A CPS post.
It’s been two and a half years of living with chronic pain. There have been times I have had a handle on it and times it has got the better of me. But one thing is for sure, its going nowhere.
In that time I have learned that management is the key to surviving high levels of nerve pain. There has been little improvement in the pain levels. If anything it has evolved. Spreading to different areas of my body as new symptoms appear to test me.
I chased up a neurologist appointment this week and it seems my case was forgot about after my assessment in march. That’s 8 month’s wasted that I could have had my follow up appointment to discuss multiple sclerosis as a diagnosis. 8 month’s that I could have been getting the right help. My phone call has got the ball rolling and I’m back in the system. It’s a frustrating place of limbo to say the least.
I have been proactive this year in dealing with past trauma in the hope that lower stress levels get my pain levels down. It’s definitely been beneficial if not painful at times.
New symptoms concern me but I have no where to discuss them. With month’s between appointments I am left to deal with them the best I can. I have also recently been diagnosed with type 2 diabetes. Just another problem to understand and deal with.

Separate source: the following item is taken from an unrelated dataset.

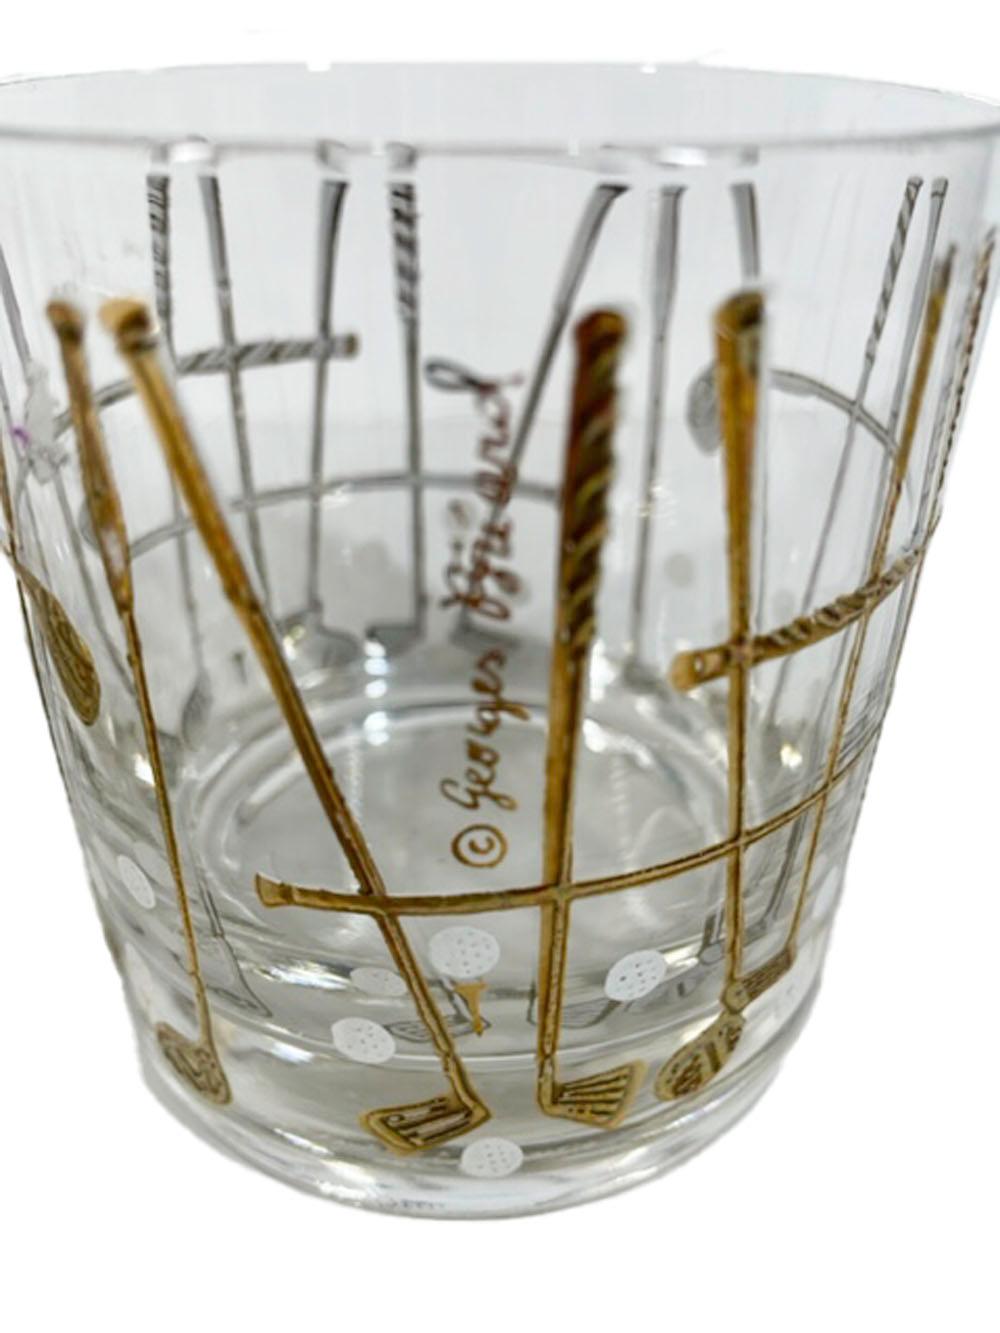 20th Century Vintage Georges Briard Rocks Glasses in the Golf Pattern Executed in 22k Gold
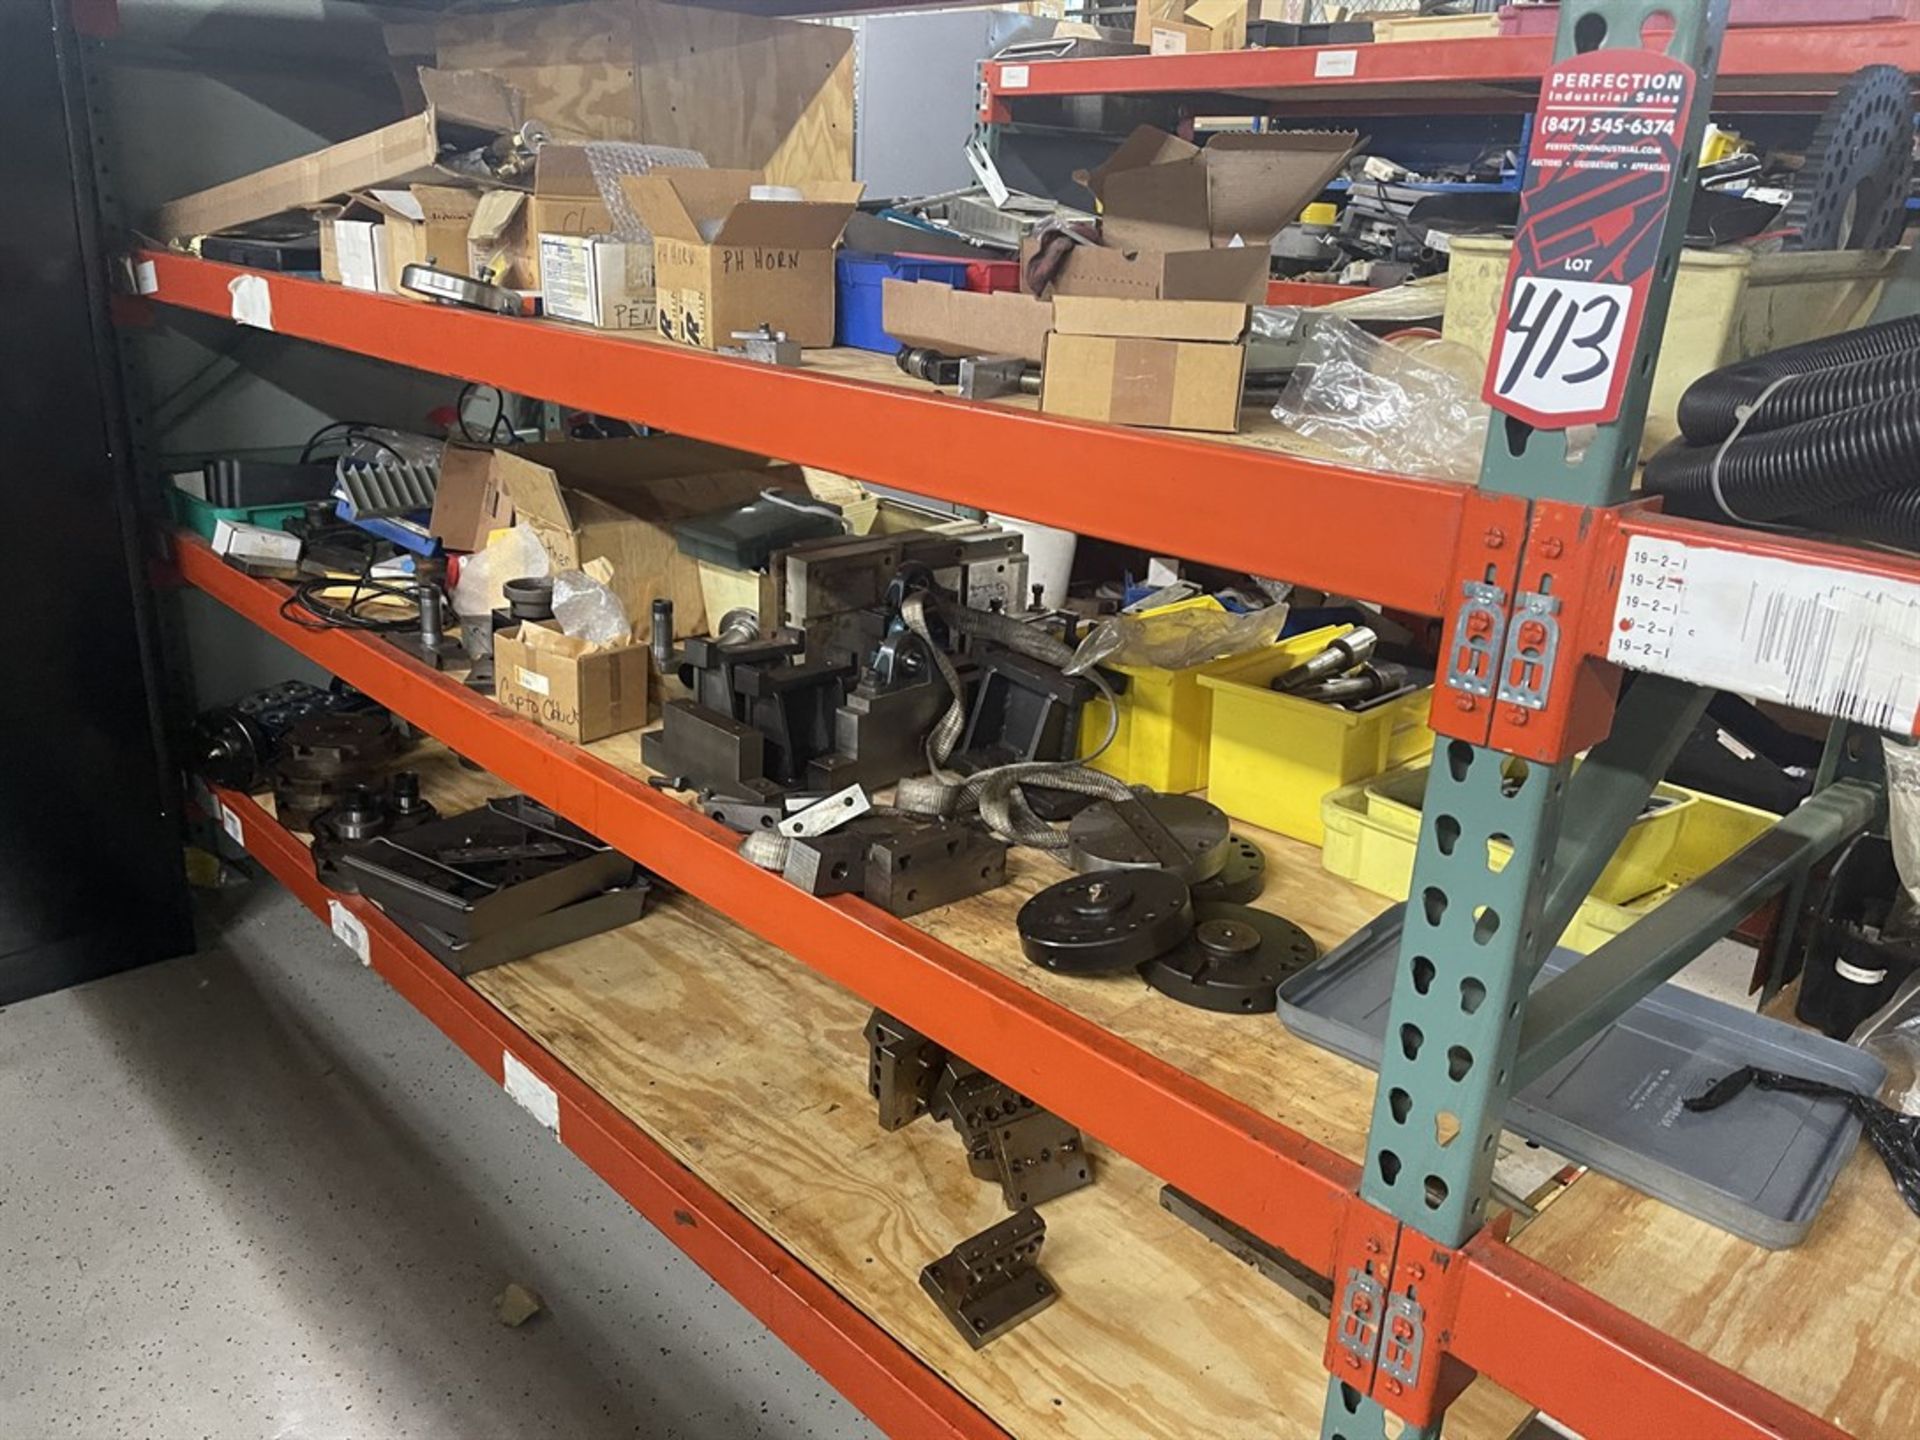 Lot of (2) Sections of Pallet Racking w/ Assorted Machine Parts Including Bearings, Chucks, - Image 9 of 9

Meditation is my first point of management. Pregabalin, baclofen and amatriptalyne are the meds I have settled on. They don’t take the pain away but they allow me to function and deal with every day life. Which is anything but normal with triplet toddlers.
I feel like I’m up against it, sometimes on a daily basis. With central pain syndrome it’s all about living along side the monster and not letting it take the wheel. Not always easy.
I apologise if this seems like a bit of a whinge. I have ups and downs on this journey and positivity comes and goes. Sometimes it’s just tough going and I’m tired of hurting.